# User or Custom Folders



## bcwaller (Nov 6, 2007)

When you have a bunch of programs and a hours of viewers, it would be nice to be able to store shows in folders. For example, there could be folders for "mom", "dad", "sister", and "brother" and that way each person could see their own shows more easily.

Others might want to use the folders to organize shows by type. One could have folders for family shows, reality, sci-fi, action, sports, etc. This makes it easy to choose a show to watch. In the mood for action? Want to watch Bionic Woman, Lost, or Burn Notice? Need to find something for the hour of TV the kids get before bed? Let them choose anything from the family folder.


----------



## ChickenCheese (Sep 8, 2003)

I would love to have the ability to customize a folder. I have a bunch of kids' movies that I'd like to put in their own folder.


----------



## tom.b (Feb 2, 2008)

bcwaller said:


> When you have a bunch of programs and a hours of viewers, it would be nice to be able to store shows in folders.


As a very recent ReplayTV transplant I whole-heartedly agree! It's the only complaint I have with my new S3 HD as of yet.


----------



## nerdvernacular (Apr 1, 2008)

I miss this as well from my old replay. It's nice to be able to sift through everything much faster. Also, it might be nice to offer the ability to password protect folders, so parents can keep stuff from their children.


----------



## Videodrome (Jun 20, 2008)

My biggest complain is how slow the interface is, for a brand new machine. The other is the guide updates happen , while looking at the guide. I would think the machine should be programmed to update at least the next 2 hours ahead of time.


----------



## Scopeman (Oct 22, 2002)

ChickenCheese said:


> I would love to have the ability to customize a folder. I have a bunch of kids' movies that I'd like to put in their own folder.


In a different thread I posted a poor-man work around to ChickenCheese's request:
http://www.tivocommunity.com/tivo-vb/showthread.php?t=404888

I is not 100% the same thing as "User or Custom Folders" - there is clearly a better way to make it work than my short cut.

But the shortcut is the best way I have found to approximate that feature.


----------



## DaJoos (Dec 31, 2002)

To be honest I'm just posting this note so that this thread will get bumped and thus add my vote for this suggestion - Tivo powers please take note!

I absolutely love my Tivo except for two things - the ads and the lack of User folders. I don't see the ads going away, but the User folders thing can't be *that* hard to do (I'm a developer) - please give it a try.


----------



## bkdtv (Jan 9, 2003)

Although not a perfect solution, you can record anything you want and have it stored in a custom folder name...._using wishlists_.

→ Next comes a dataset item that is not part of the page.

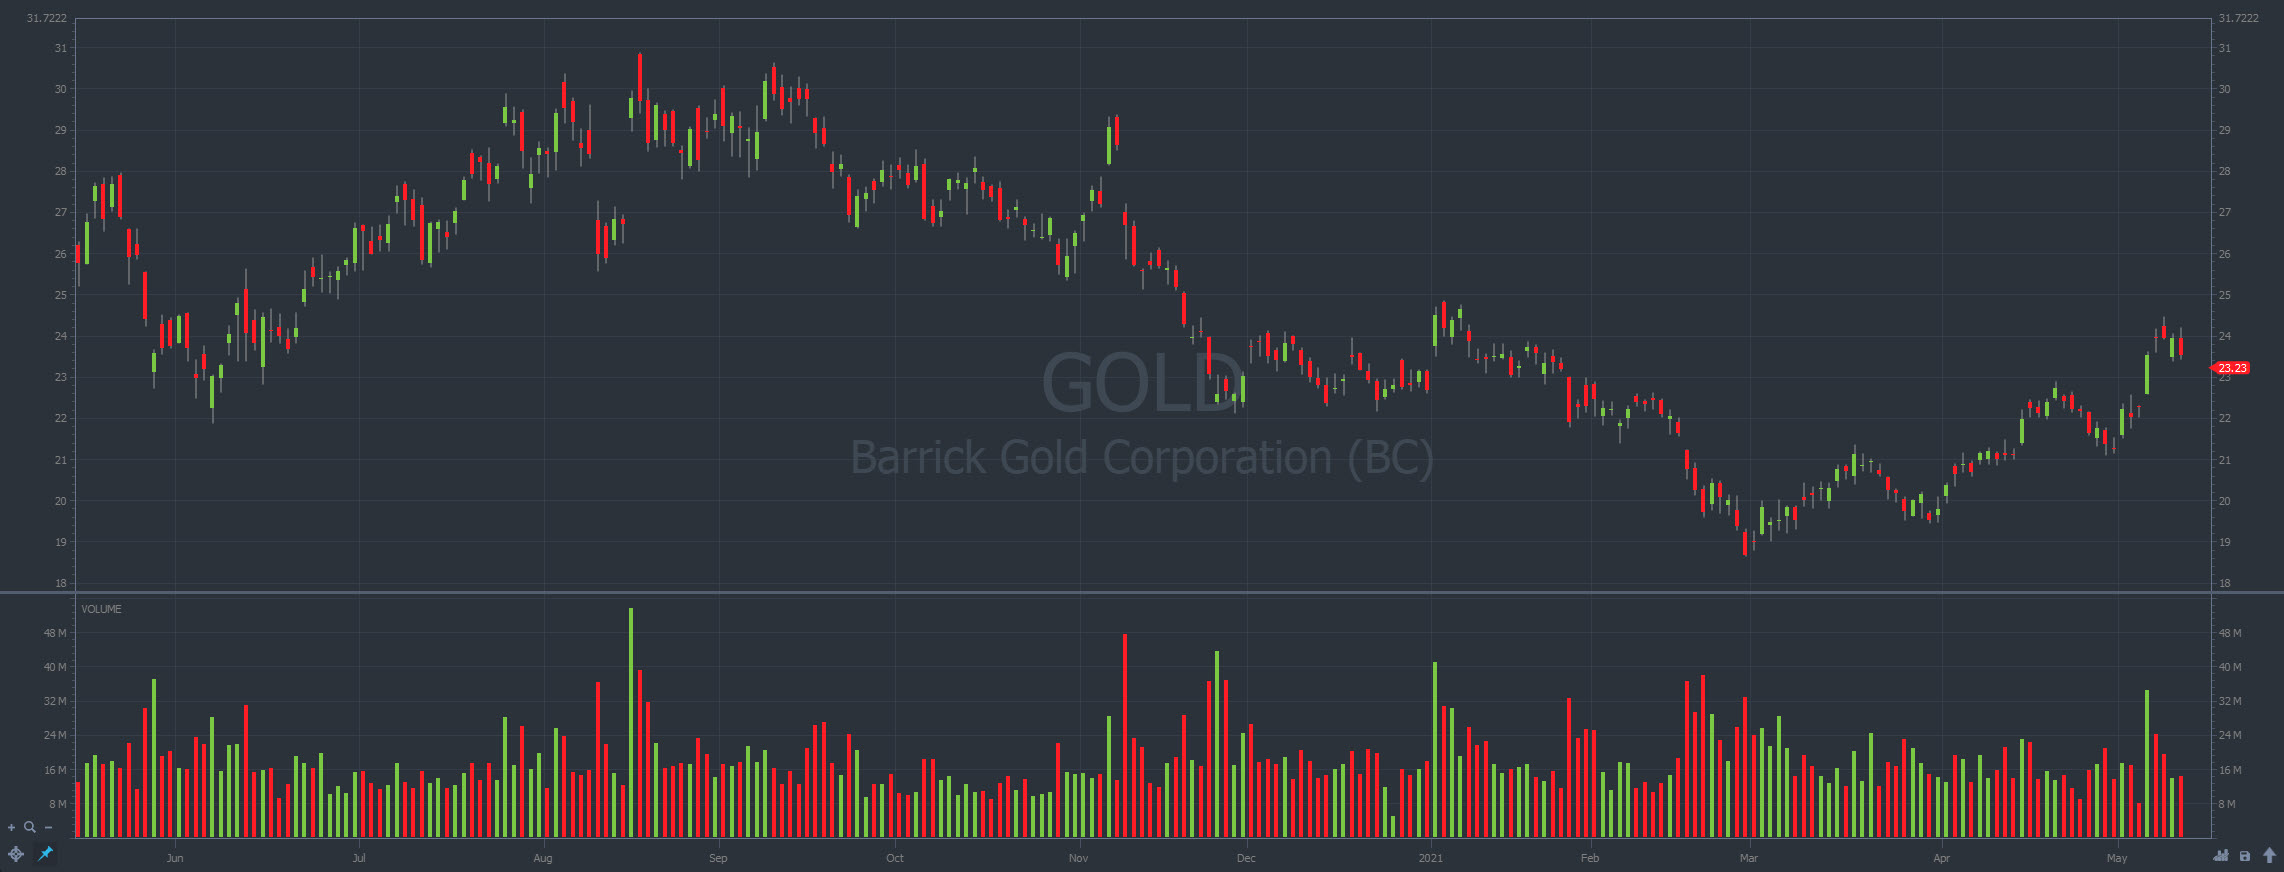 gold & silver stocks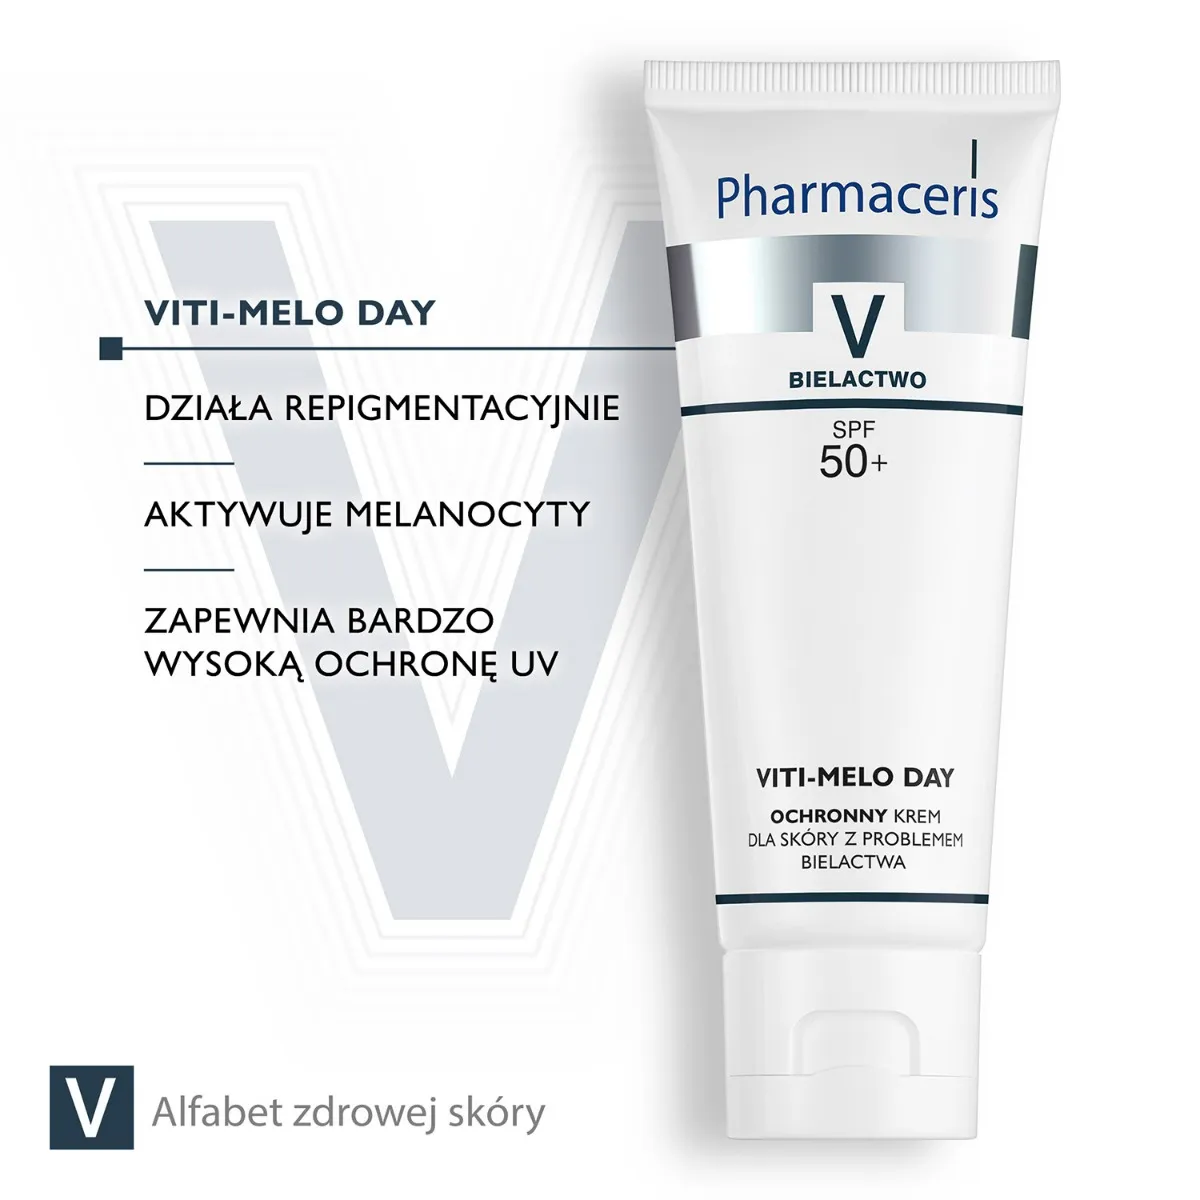 Pharmaceris V Viti-Melo Day, ochronny krem dla skóry z problemami bielactwa do twarzy i ciała na dzień, SPF 50, 75 ml

In another thread, I mentioned how you might have a "Daily News" folder with different daily news programs, each set to record daily and keep only the latest episode. For that, you would setup something like this:



















The three programs above will be recorded and organized into a "Daily News" folder.

Note the full program names are unnecessary; I just used them to make it clear to everyone what they were.


----------



## lrhorer (Aug 31, 2003)

I agree with everyone user-controlled ntive folder support on the TiVo would be a great feature, and it is one of the more commonly requested ones. There is another partial work-around, however. One can download one's recordings to a PC and arrange the recordings there however one likes, then use a utility like Galleon or pyTivo to serve the content back to the TiVo.


----------